Generative AI in Cybersecurity: A Comprehensive Review of LLM Applications and Vulnerabilities
Mohamed Amine Ferrag, Fatima Alwahedi, Ammar Battah, Bilel Cherif, Abdechakour Mechri, Norbert Tihanyi, Tamas Bisztray, Merouane Debbah
TL;DR
This comprehensive review addresses the convergence of Generative AI and cybersecurity, outlining a spectrum of LLM-driven applications from hardware design security to phishing and threat intelligence. It presents a detailed taxonomy of models, datasets, vulnerabilities, and defense strategies, highlighting how approaches such as RAG, RLHF, DPO, ORPO, and QLoRA can enhance real-time defense while mitigating attack vectors like prompt injection and data poisoning. Key contributions include a cross-model performance analysis across 42 LLMs, a lifecycle analysis of cybersecurity datasets, and a framework for evaluating and deploying secure LLM systems in diverse cyber contexts. The study underscores the urgent need for robust data governance, secure deployment practices, and continuous adversarial testing to realize reliable, scalable LLM-enabled cybersecurity solutions with practical impact for threat detection and response. Overall, the work lays a foundational direction for integrating LLMs into future cybersecurity architectures, balancing ambitious capabilities with rigorous security considerations to address evolving digital threats.
Abstract
This paper provides a comprehensive review of the future of cybersecurity through Generative AI and Large Language Models (LLMs). We explore LLM applications across various domains, including hardware design security, intrusion detection, software engineering, design verification, cyber threat intelligence, malware detection, and phishing detection.
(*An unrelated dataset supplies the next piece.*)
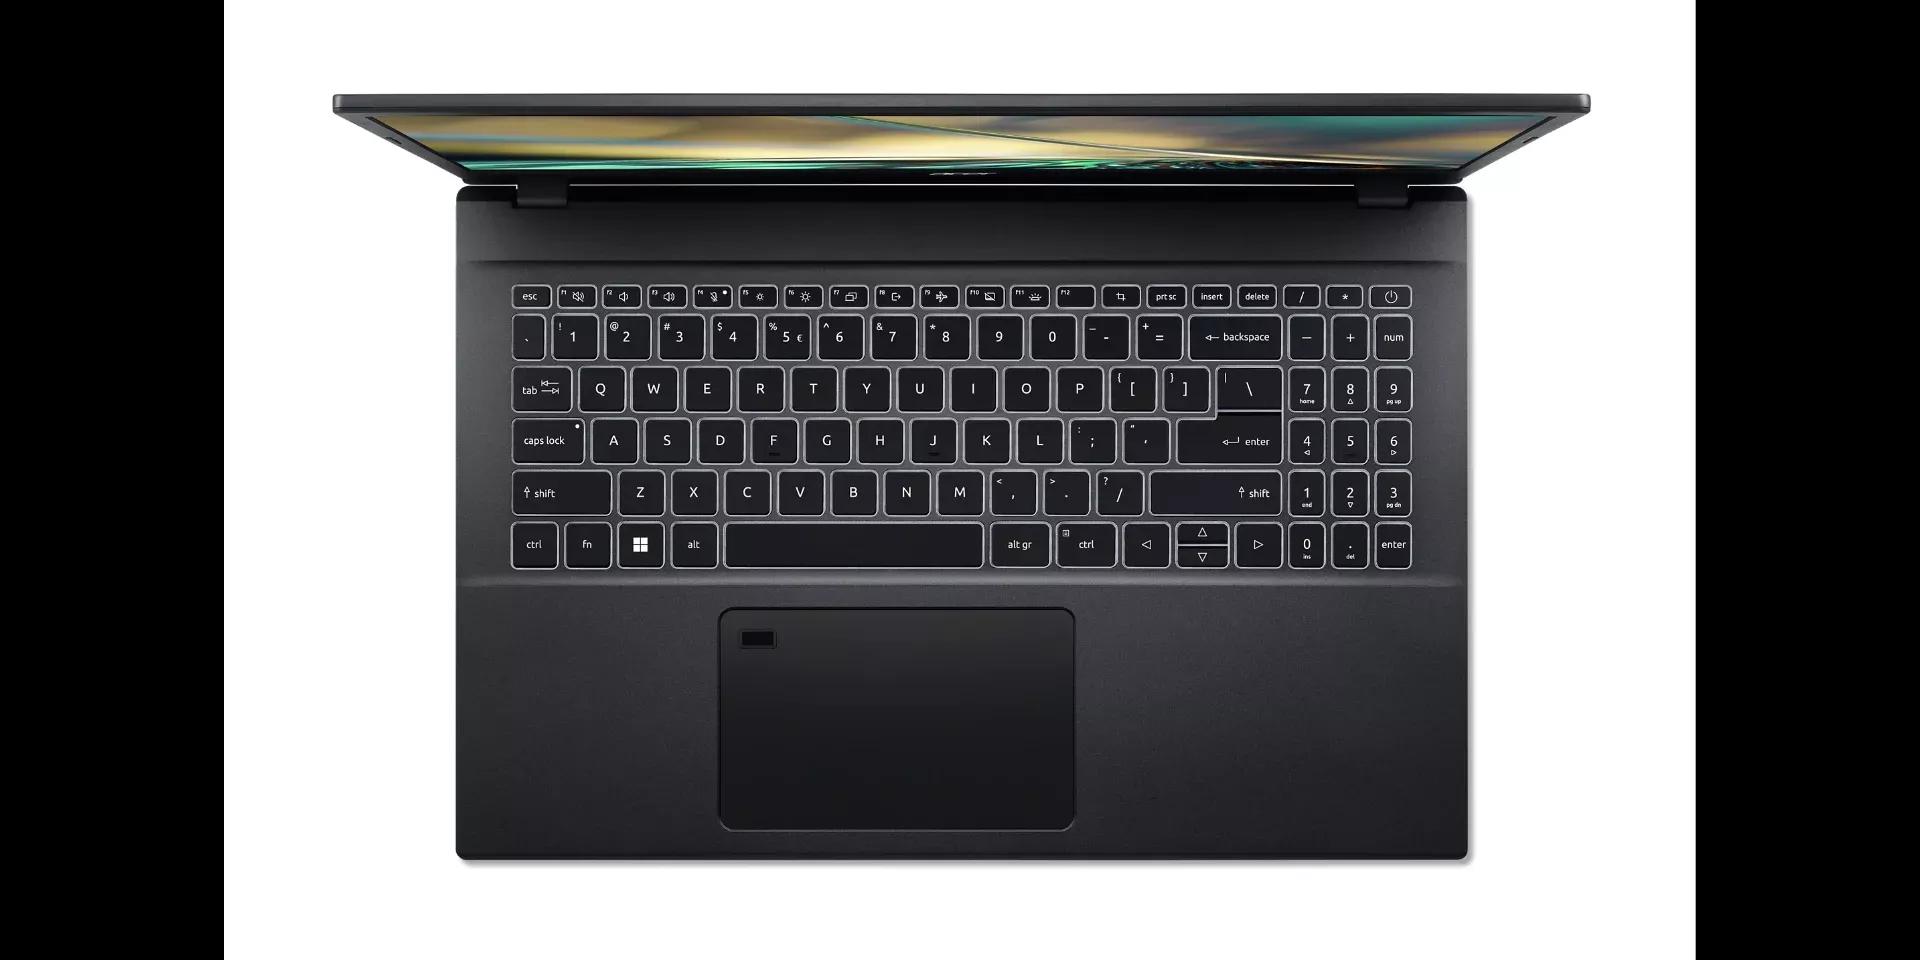 Acer Aspire 7 Price Nepal Backlit keyboard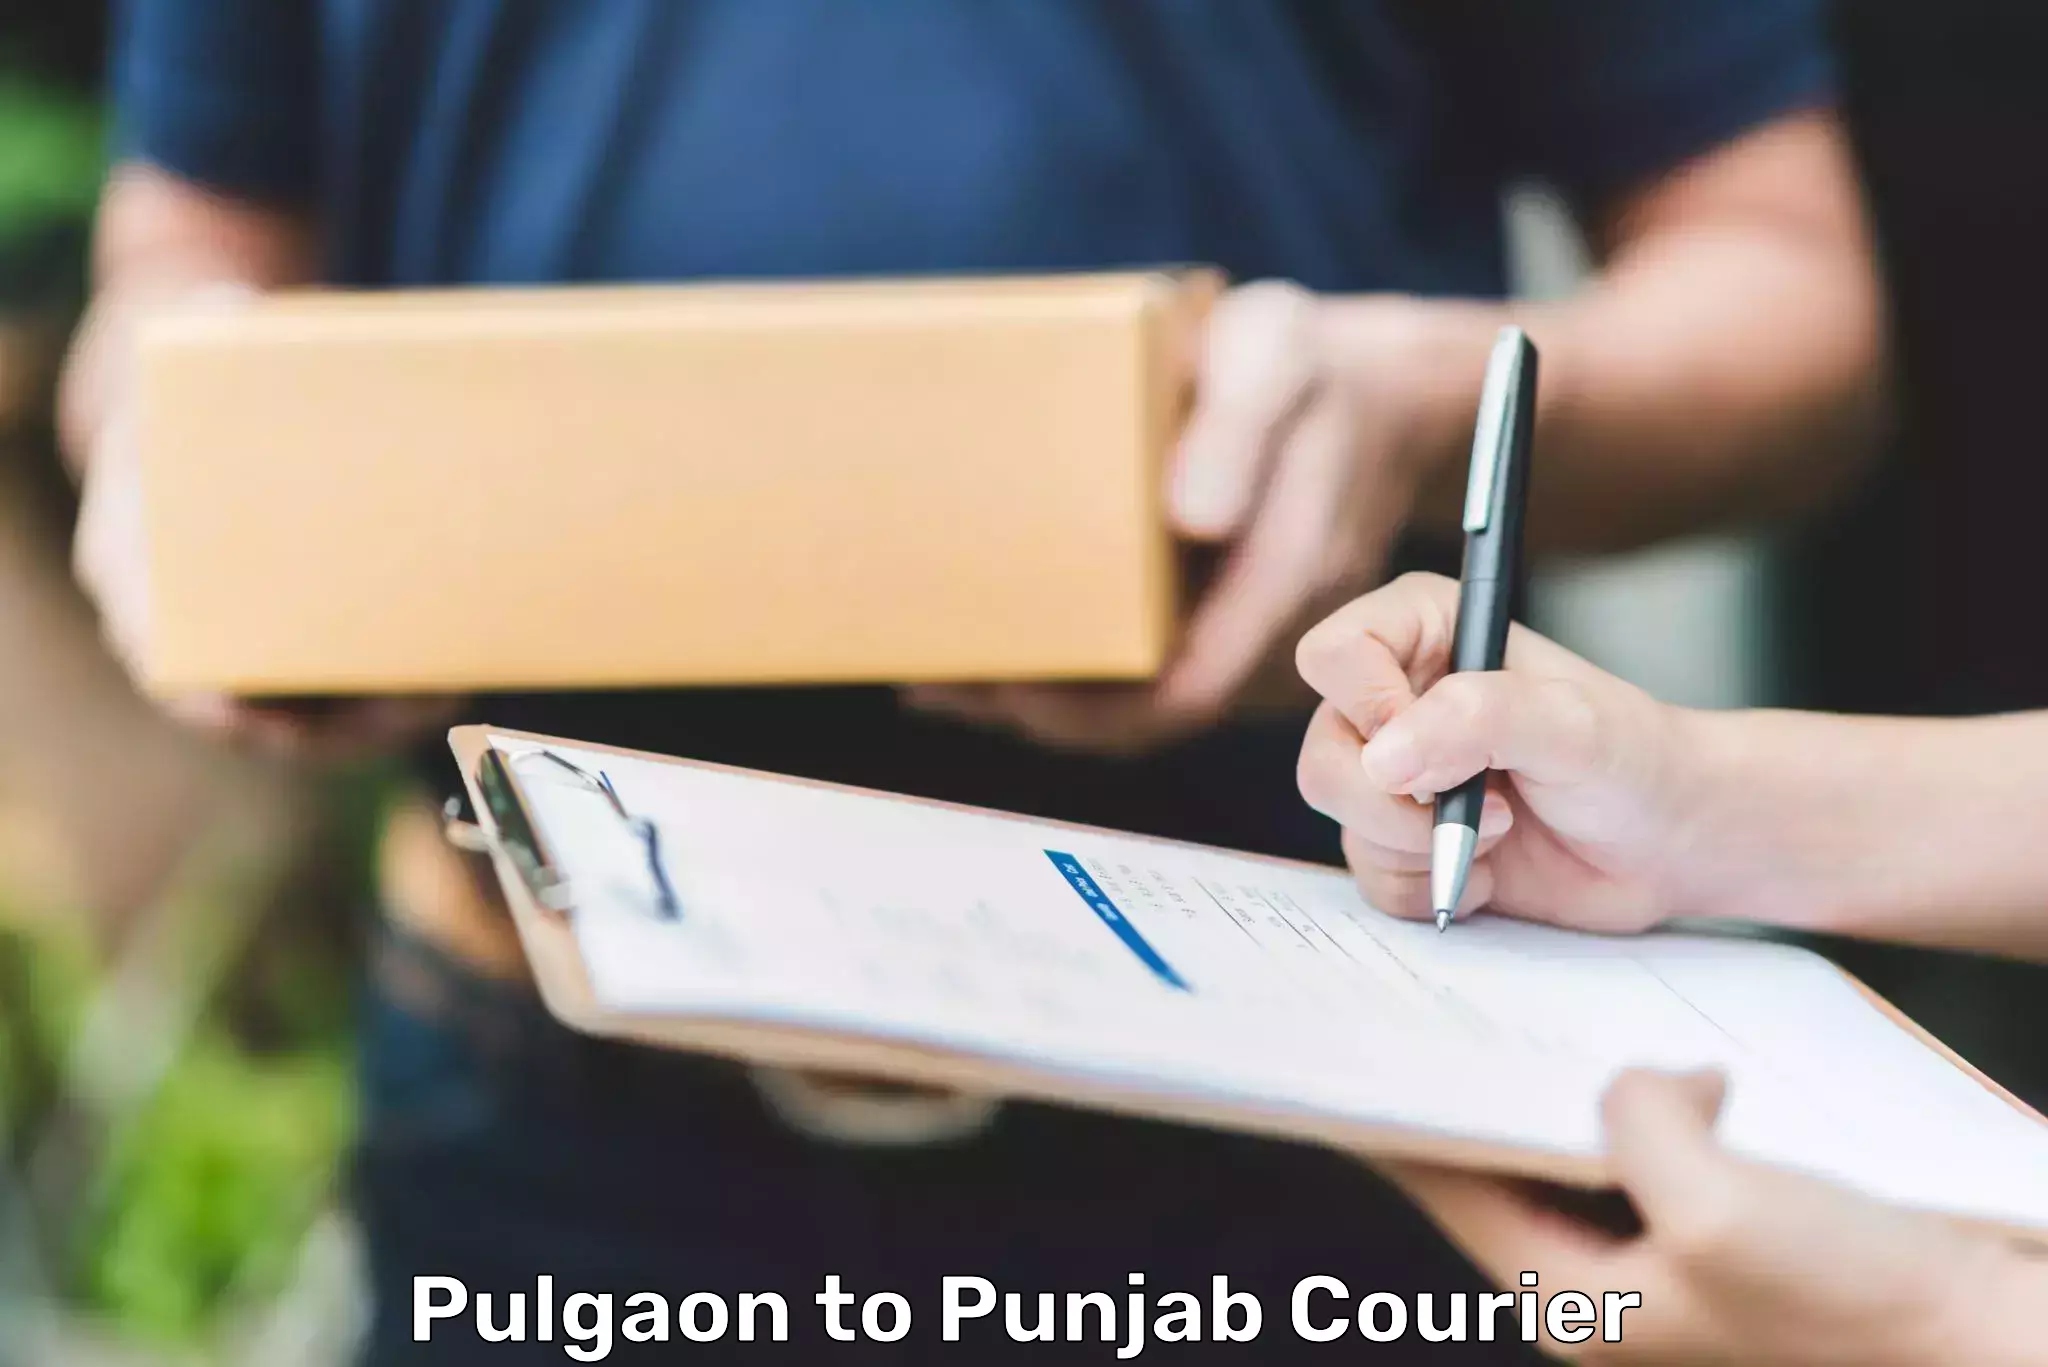 Courier service innovation Pulgaon to Abohar

We present an overview of LLM evolution and its current state, focusing on advancements in models such as GPT-4, GPT-3.5, Mixtral-8x7B, BERT, Falcon2, and LLaMA. Our analysis extends to LLM vulnerabilities, such as prompt injection, insecure output handling, data poisoning, DDoS attacks, and adversarial instructions. We delve into mitigation strategies to protect these models, providing a comprehensive look at potential attack scenarios and prevention techniques. Furthermore, we evaluate the performance of 42 LLM models in cybersecurity knowledge and hardware security, highlighting their strengths and weaknesses. We thoroughly evaluate cybersecurity datasets for LLM training and testing, covering the lifecycle from data creation to usage and identifying gaps for future research. In addition, we review new strategies for leveraging LLMs, including techniques like Half-Quadratic Quantization (HQQ), Reinforcement Learning with Human Feedback (RLHF), Direct Preference Optimization (DPO), Quantized Low-Rank Adapters (QLoRA), and Retrieval-Augmented Generation (RAG). These insights aim to enhance real-time cybersecurity defenses and improve the sophistication of LLM applications in threat detection and response. Our paper provides a foundational understanding and strategic direction for integrating LLMs into future cybersecurity frameworks, emphasizing innovation and robust model deployment to safeguard against evolving cyber threats.